Comment by karel-3d

4 days ago

I find the actual paper more readable and understandable than this summarization.

https://eprint.iacr.org/2025/118

I also had to just go to the paper. It was really difficult trying to get through the article. Needlessly hyped language like "proving lies" and hyperfixations on things like leaking boats... felt like the author was either out of their element or inexperienced with math comms. However, the article still provides a bit of context that the paper doesn't.

That said, this is honestly just a bad article that is needlessly sensationalized and fails to impart any real knowledge.

  • (Note: the original title was "Computer Scientists Figure Out How To Prove Lies" before being changed by the admin)

    I honestly think that Quanta Magazine just found the perfect formula to farm HN traffic. The titles are clearly carefully engineered for this audience: not the outright clickbait of university press releases, but vague profoundness that lets us upvote without reading the whole thing and then chime in with tangential anecdotes.

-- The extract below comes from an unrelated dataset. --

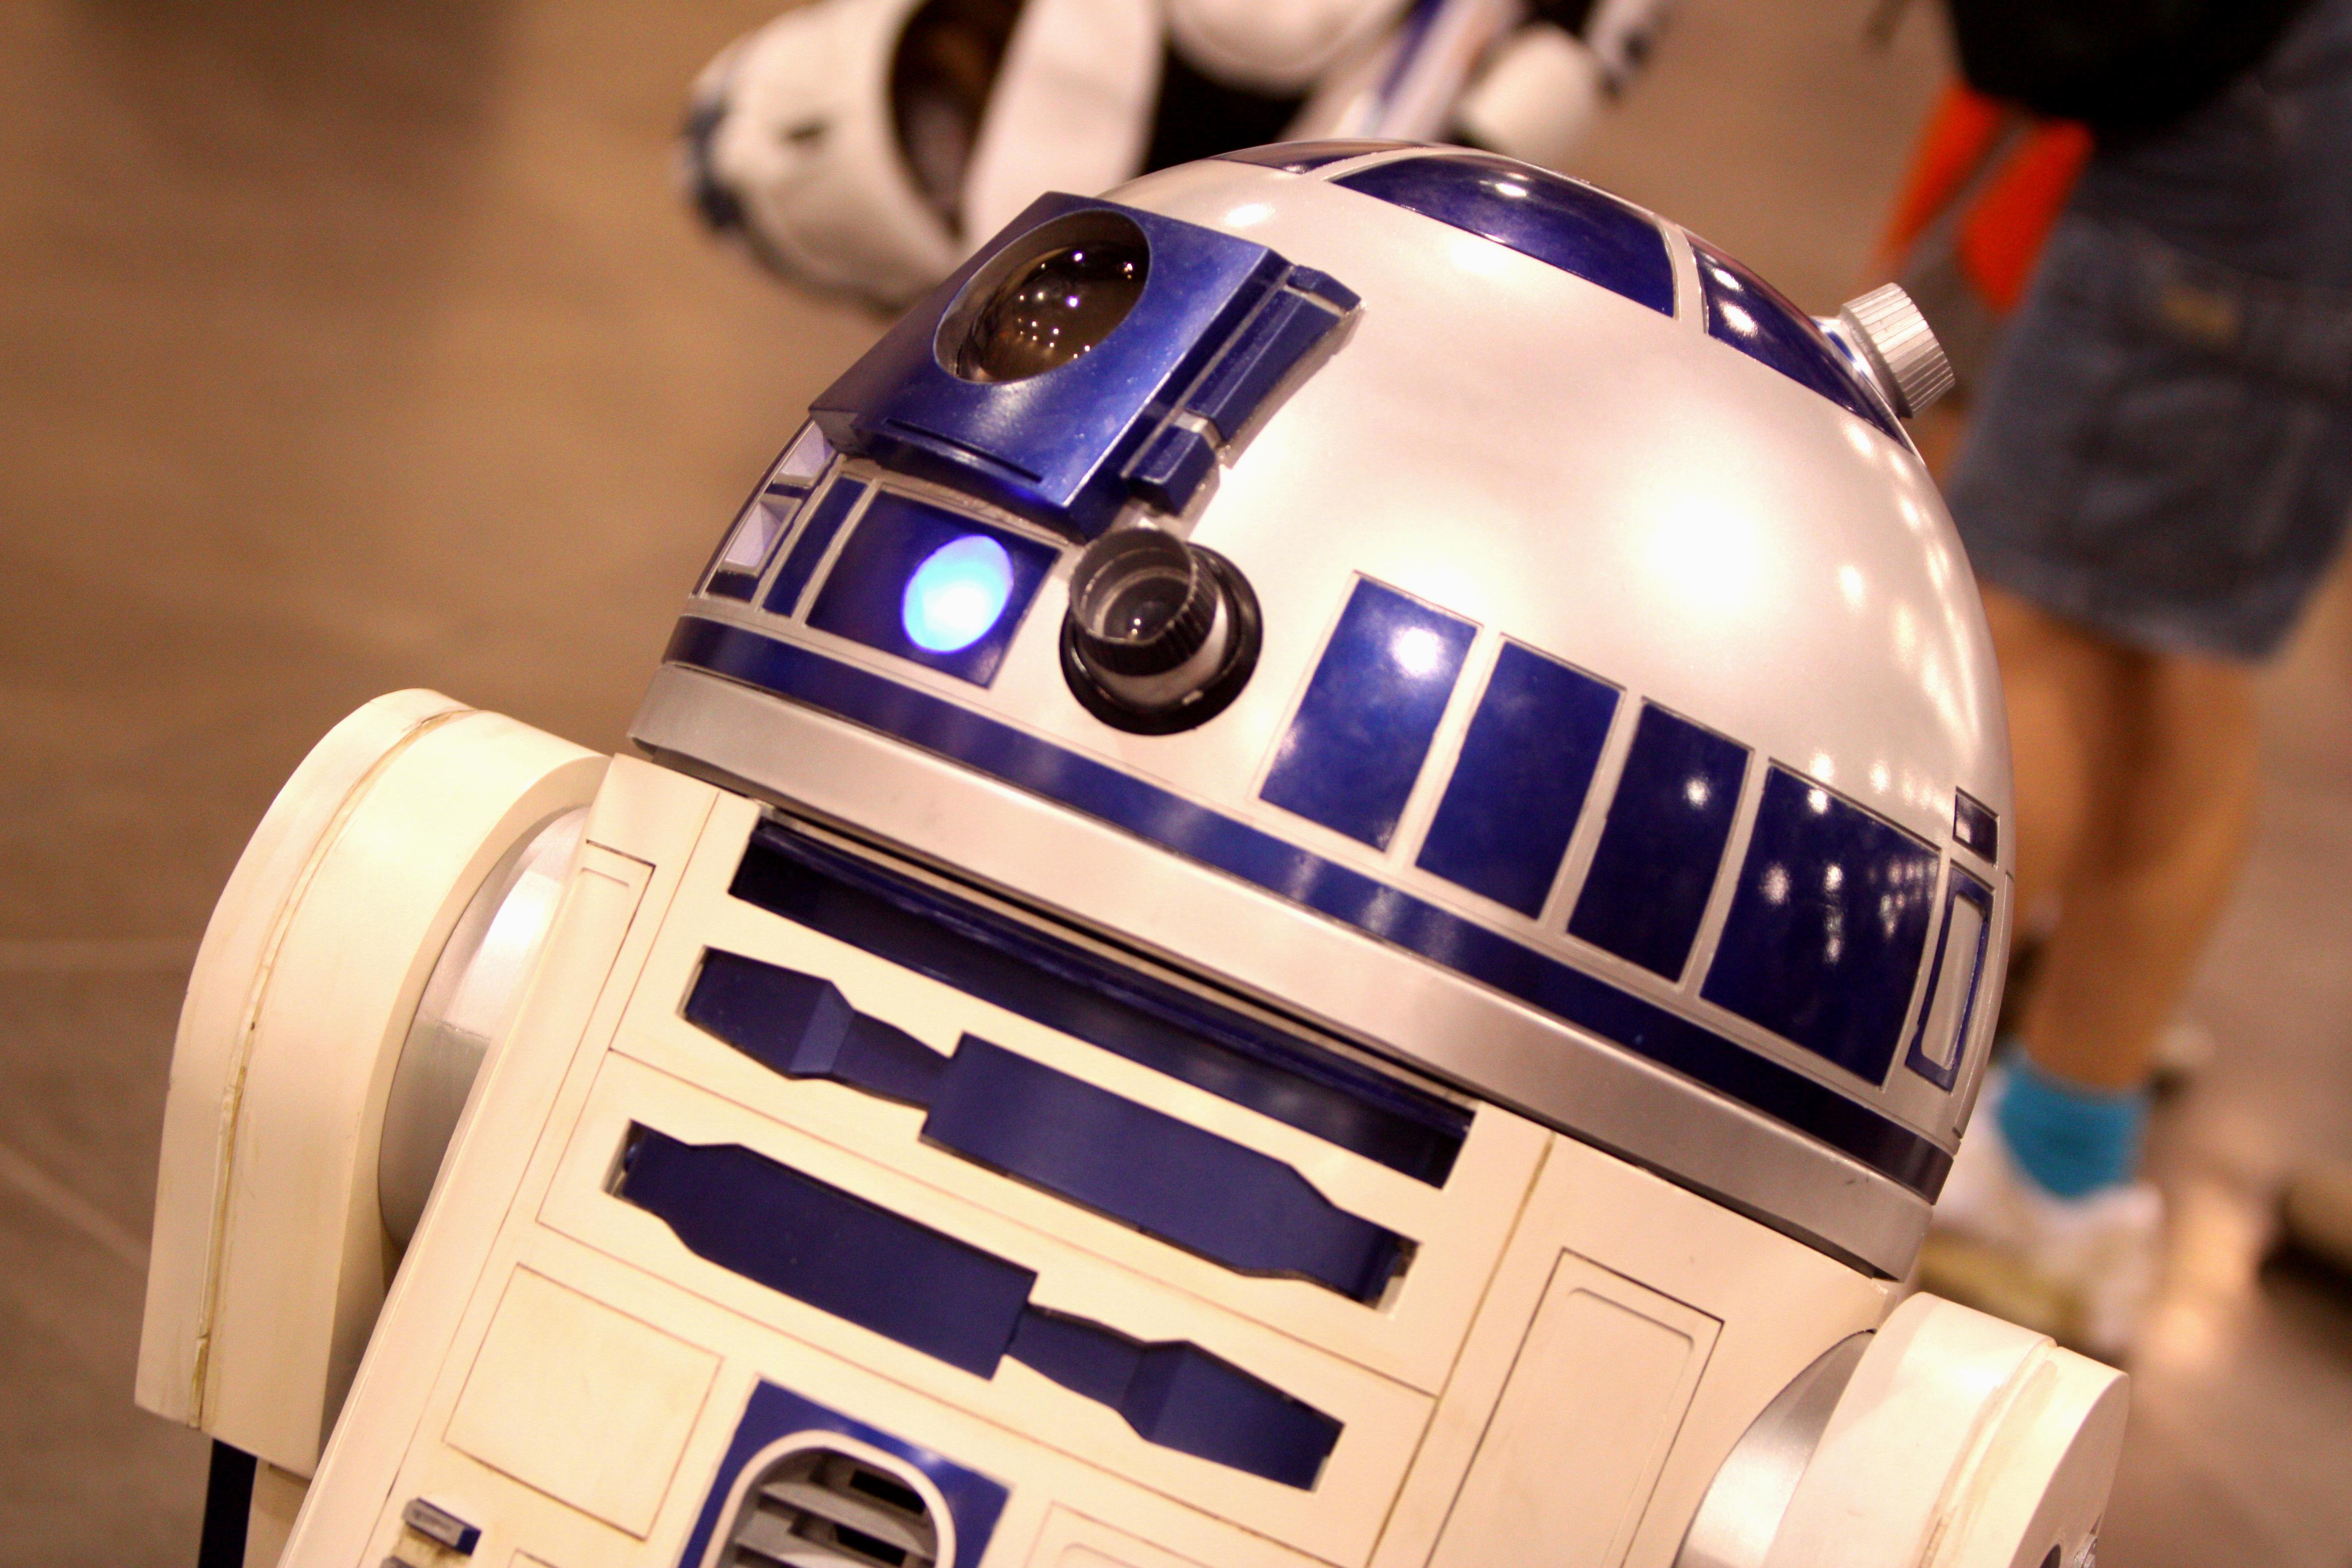 Il Rinascimento Italiano passa per il futuro della robotica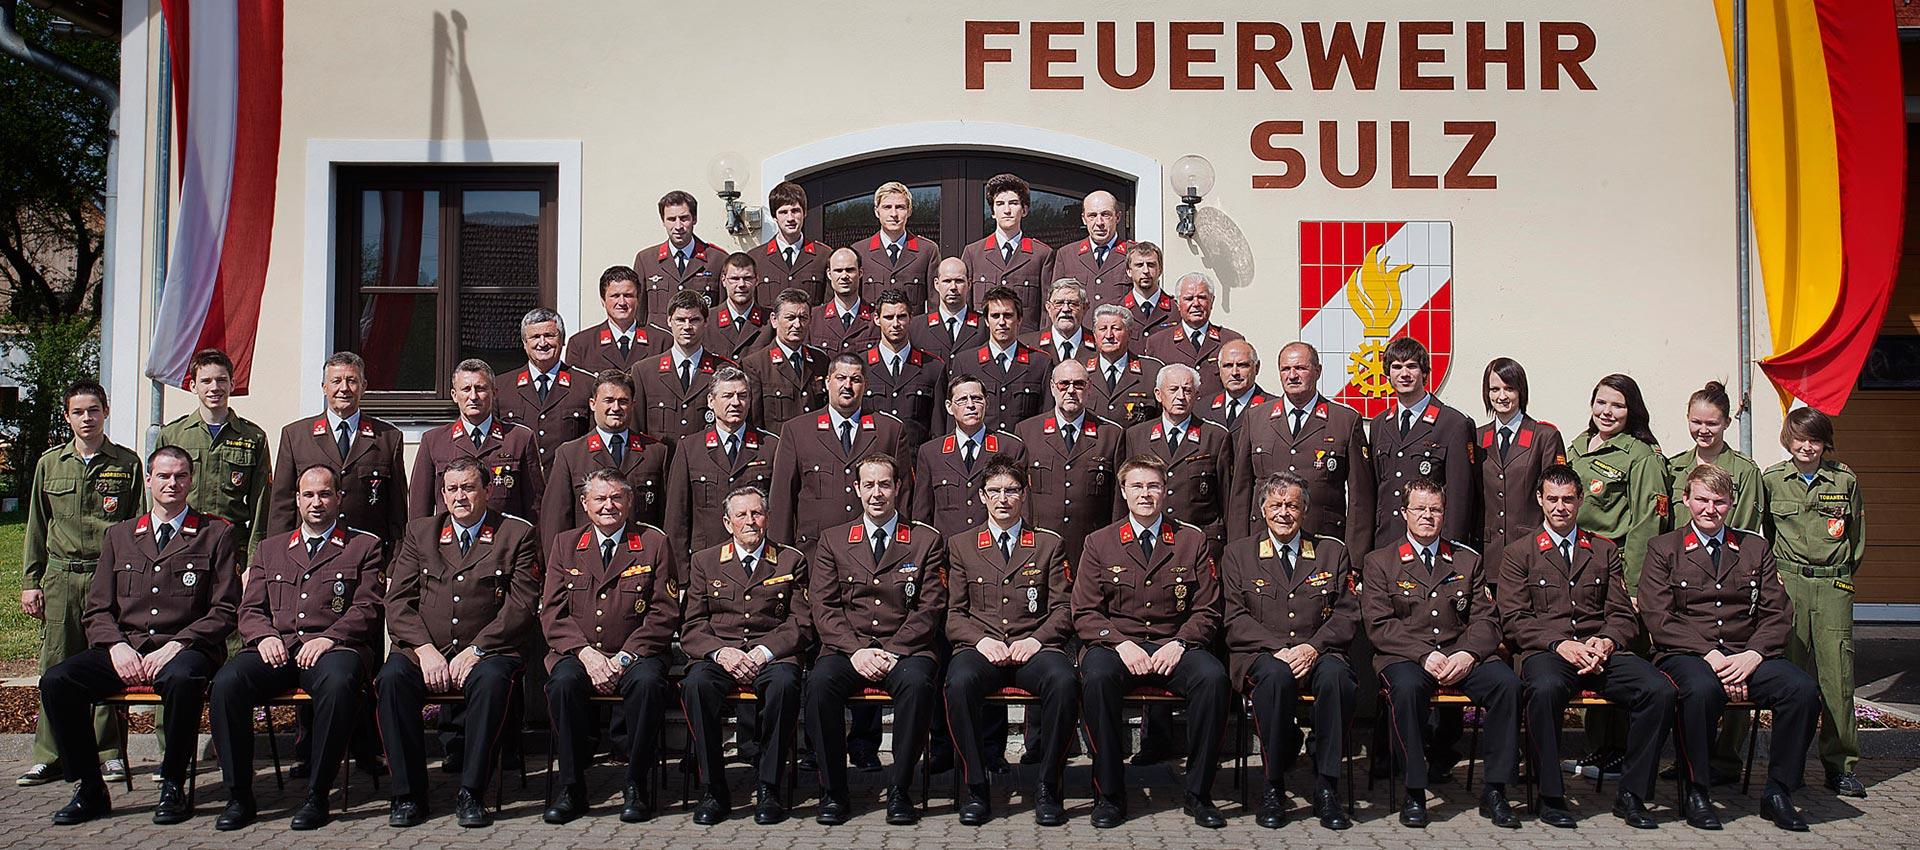 ff_sulz_mannschaftsfoto

    I don't think they're bad people, but I honestly think they end up on the front page multiple times a week not on the quality of the articles alone.

  • > That said, this is honestly just a bad article that is needlessly sensationalized and fails to impart any real knowledge.

    There's a joke to be made here, since the issue is with zero-knowledge proof systems.

They do at least link to that in the 4th paragraph of the article. Many of these summary articles don't do that.

That's the case with many cryptographic explanations for laypeople, in my experience (as mostly a layperson).

Maybe all these elaborate analogies of Alice walking into a cave and Bob yelling which exit she should come out of, Alice wanting to sell Bob a Hamiltonian cycle trustlessly, Alice and Bob mixing buckets of paint and shipping them via the mail back and forth etc. are working for some people, but it's not me.